Rick Warren’s books have sold millions of copies. His company is issuing dozens of new Purpose-Driven Life titles, in much the same manner as the publishers of the “Chicken Soup for the Soul” books did in the 1990s and early 2000s. They’re catering to essentially the same market: hollow, hopelessly lost people willing to buy anything that promises comfort. Warren’s franchise has now generated both The Purpose-Driven Life for Commuters (can God help you find a seat on the subway?), and The Purpose-Driven Life Deluxe Journal (leather bound, to record your holiest thoughts). Now there’s even The Purpose Driven Life Scripture-Keeper Plus (which, I assume, includes a plastic container to keep your scripture fresh, crisp, and with that new-car smell). For the on-the-go believer, there is apparently even a camouflage edition, so you can enjoy the book while communing with nature or hiding in the woods from the minions of the Antichrist. Warren has even gone so far as to trademark the phrase “Purpose-Driven Life,” so he can now sue anyone who encroaches on his domain. How Christian.

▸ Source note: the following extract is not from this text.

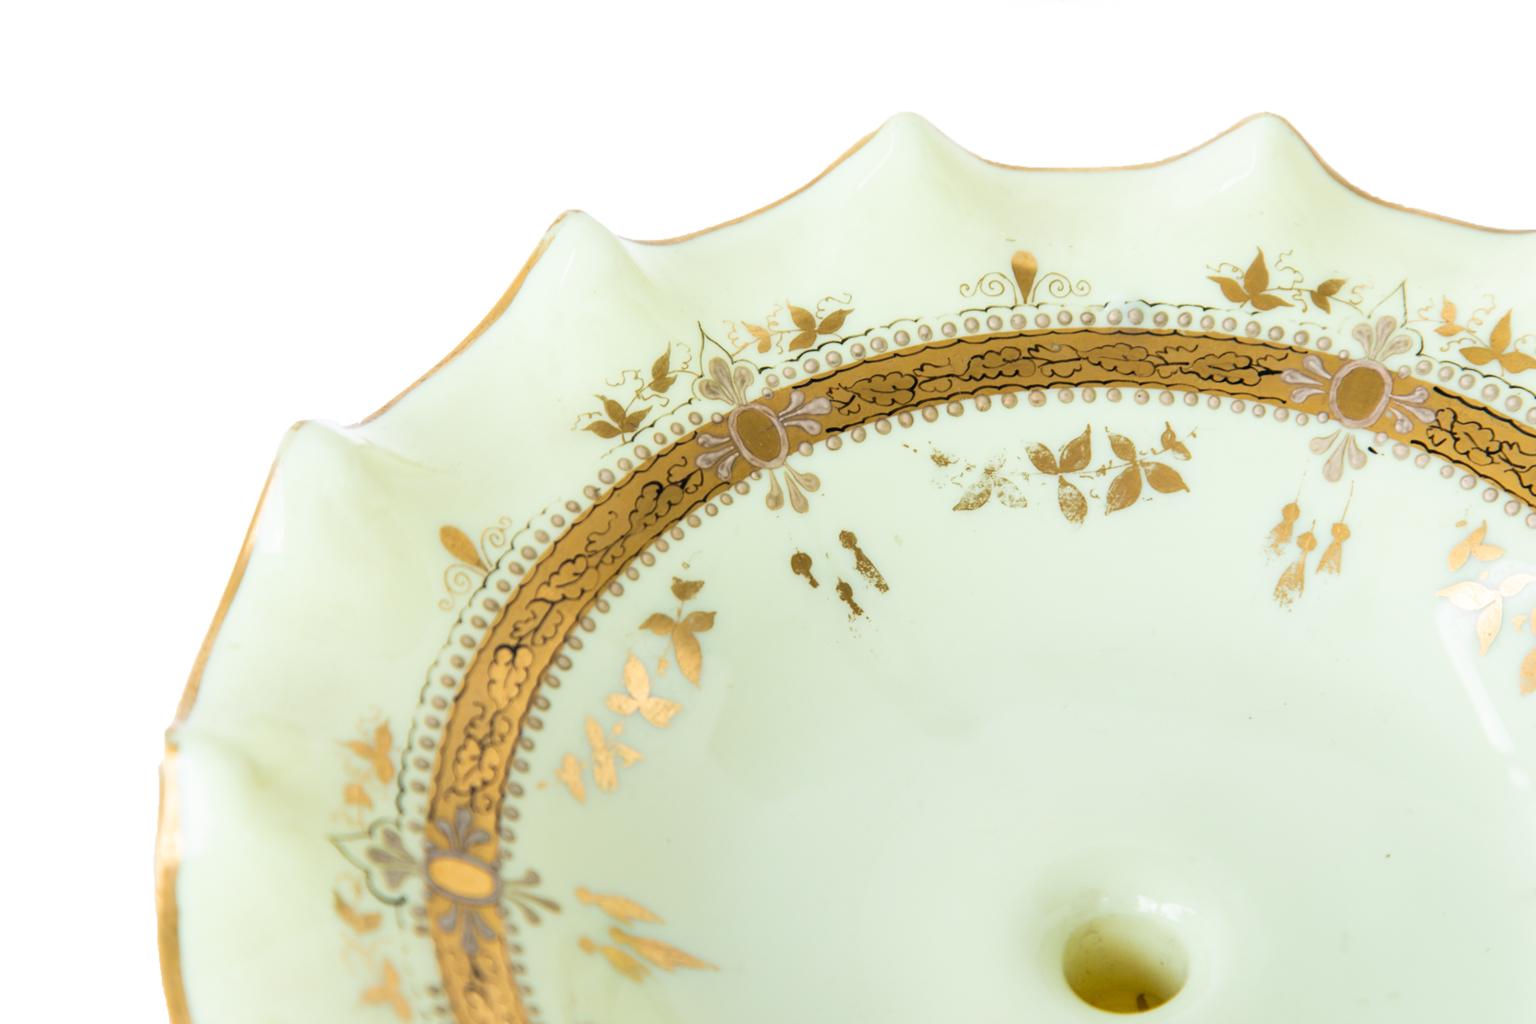 Englisches mundgeblasenes Glaskompott in Celadongrün mit einem Rand aus Tortenkruste. Der Deckel und der Sockel sind mit vergoldeten Verzierungen versehen.
          

But my purpose here is not to trash Rick Warren and his smiley-face version of Christianity. The “Purpose-Driven” phenomenon is noteworthy only because of what it exemplifies: a growing trend among Christians to espouse a fine set of values–love, truth, and compassion–but without acting on them.

Of course, the Christian Church has had a “hypocrisy gap” for a long, long time. But in an age when news travels across the globe in a fraction of a second, it has become harder and harder to ignore the messy reality that the vast majority of Christians are not very Christlike. Sadly, it seems that 99% of Christians do not begin to understand or act on the values espoused in the New Testament. In fact, they seem to have turned their backs on it.

At “best,” New Age (and Prosperity Gospel) Christians immerse themselves in a feel-good, self-centered fantasy world that demands nothing of them. At worst, most fundamentalist churches abandoned the ideals of the New Testament long ago, and instead embraced the old fire and brimstone, “wrath of God” viciousness of the Old Testament. For them, Jehovah has replaced Jesus. Violence, vengeance, and wrath have replaced love, truth, and compassion.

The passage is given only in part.